Red Hannah did not die easily. There was considerable talk by candidates for office as well as incumbents that Delaware should retain the whip to enforce law and order. State Senator Thomas E. Hickman Jr. proposed an amendment to permit it for any felony, which fell just two votes short of adoption.
Even today, when journalists find themselves short of news, they occasionally resurrect the story of the whipping post and those who continue to extol its virtues. The following report appeared in the Syracuse Herald Journal in 1991 under the heading “Flogging still has appeal to crime-weary in Delaware.”
“A museum exhibit designed to show the cruelty of Delaware’s whipping post found instead that the punishment known as ‘Hugging Red Hannah’ still has a certain appeal.
“‘I think it’s an indication of frustration with the ineffectiveness of our criminal justice system,’ Kathy Bratton, executive director of the New Castle Historical Society said of museum-goers’ reaction. ‘They see crime rates rising and they’re ready to try anything.’

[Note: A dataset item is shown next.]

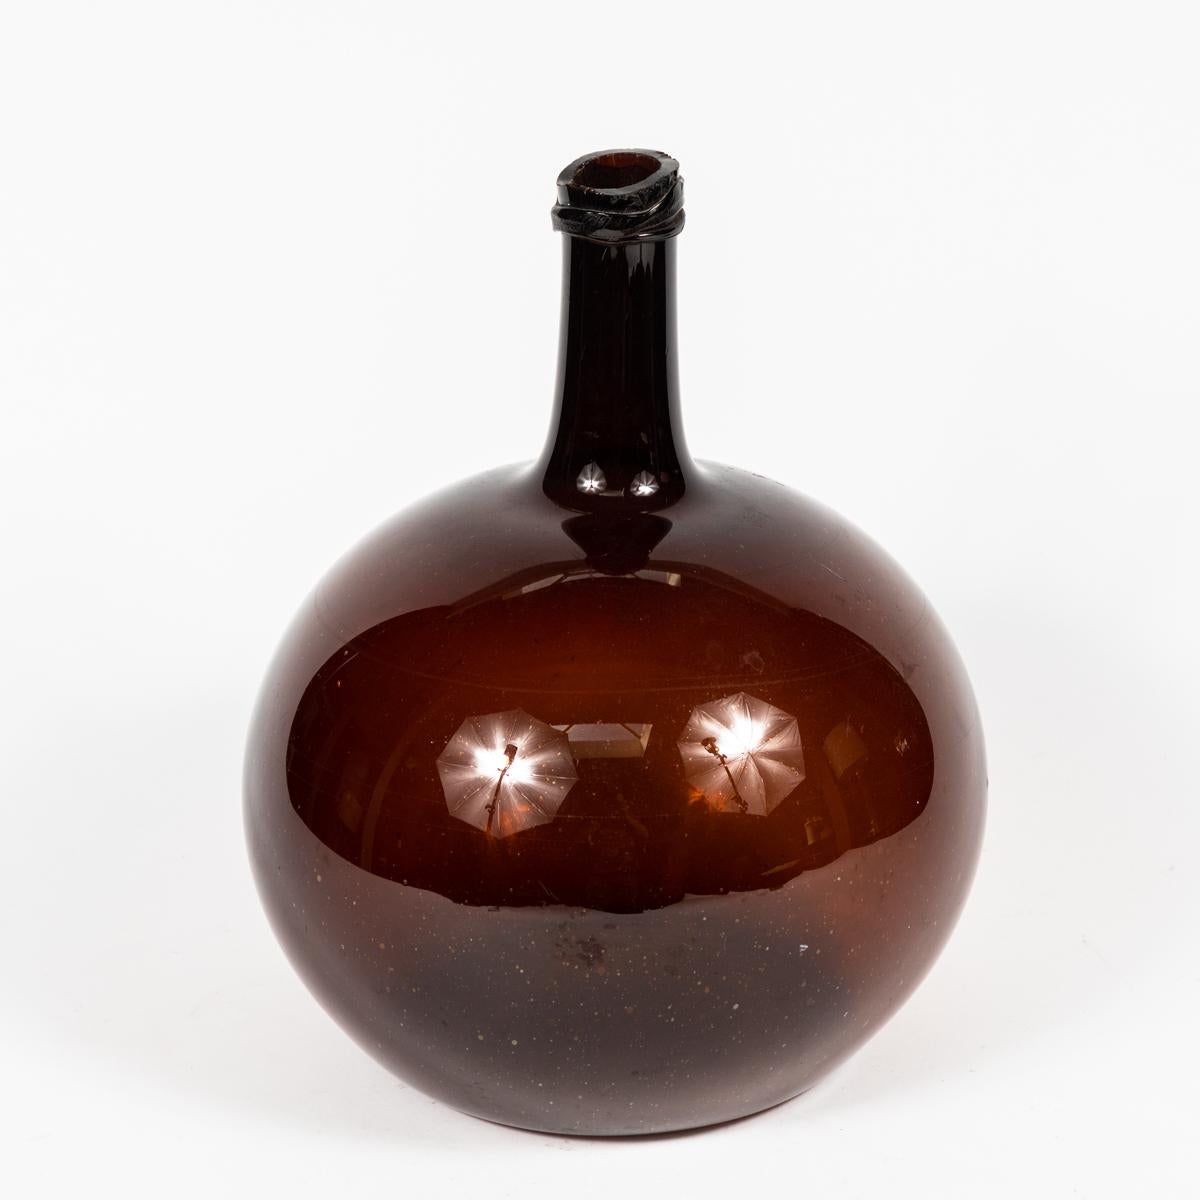 19th century brown blown glass bottle or spirit keg from Burgundy, France.
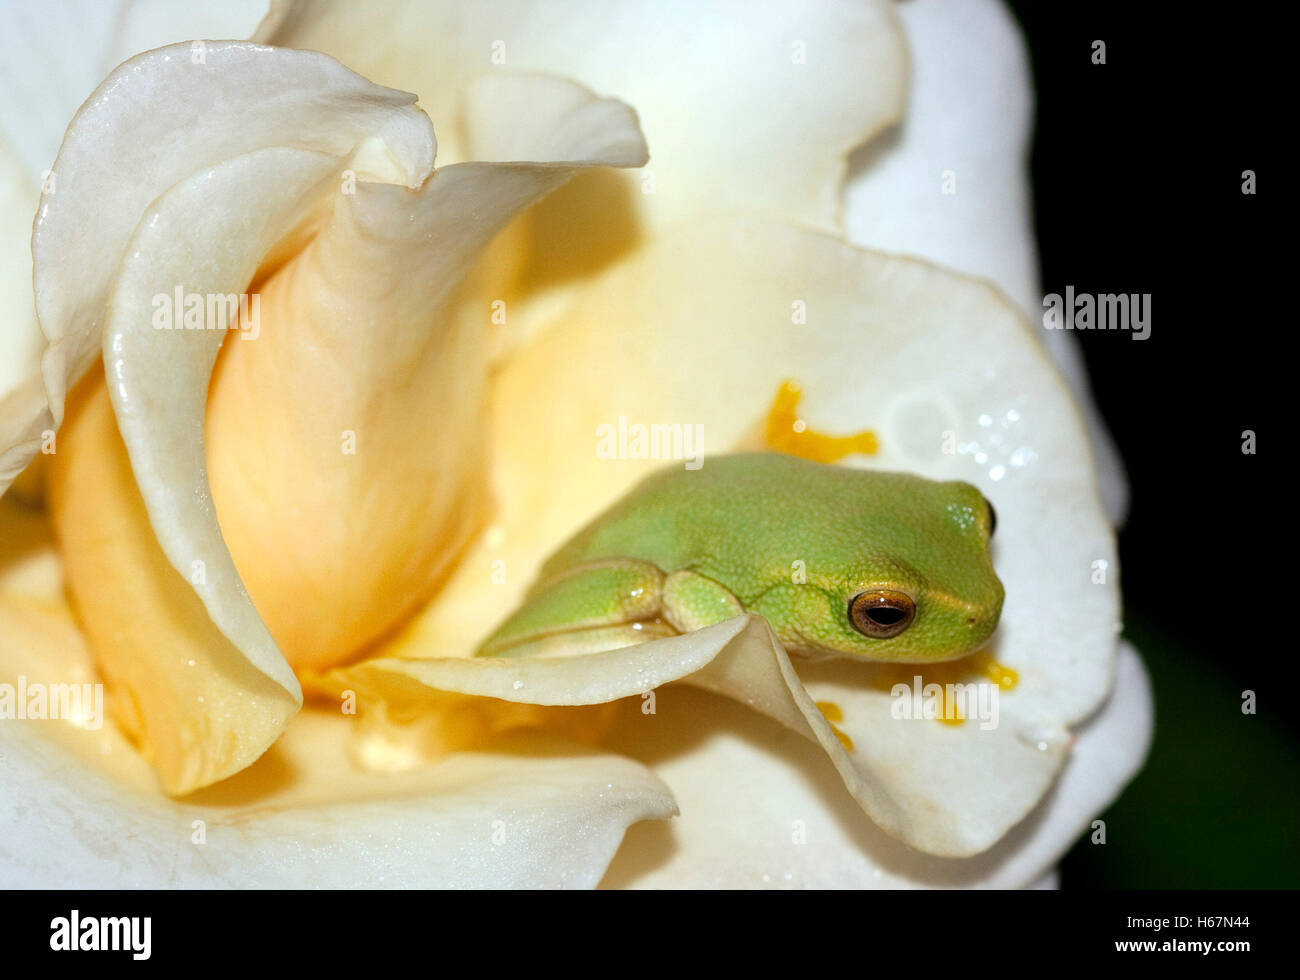 Tiny vivid green Australian dainty tree frog, Litoria gracilenta among pale yellow to white petals of rose on black background Stock Photo

“In the book Red Hannah, author Robert Caldwell estimated that some 1,600 men were flogged in Delaware from about 1900 to 1940. The punishment was last used on a woman in the 1870s.
“The exhibit at the Old Library Museum includes a 15-foot replica of Red Hannah––two feet shorter than the original––as well as the white whipping post used in Dover, its sides worn down from years of ‘hugging.’
“There are pictures of public floggings; of men stripped to the waist, tied to posts; and men in a double pillory atop one whipping post. Display cases hold cat-o’-nine-tails.
“Bratton designed the exhibit to coincide with the 200th anniversary of the Bill of Rights, particularly the Eighth Amendment, which prohibits cruel and unusual punishment.
“Harry Themal, a columnist at The News Journal in Wilmington, witnessed Delaware’s last whipping in 1952. ‘Not only should floggings be resurrected, but violent criminals should be whipped in public,’ he said.”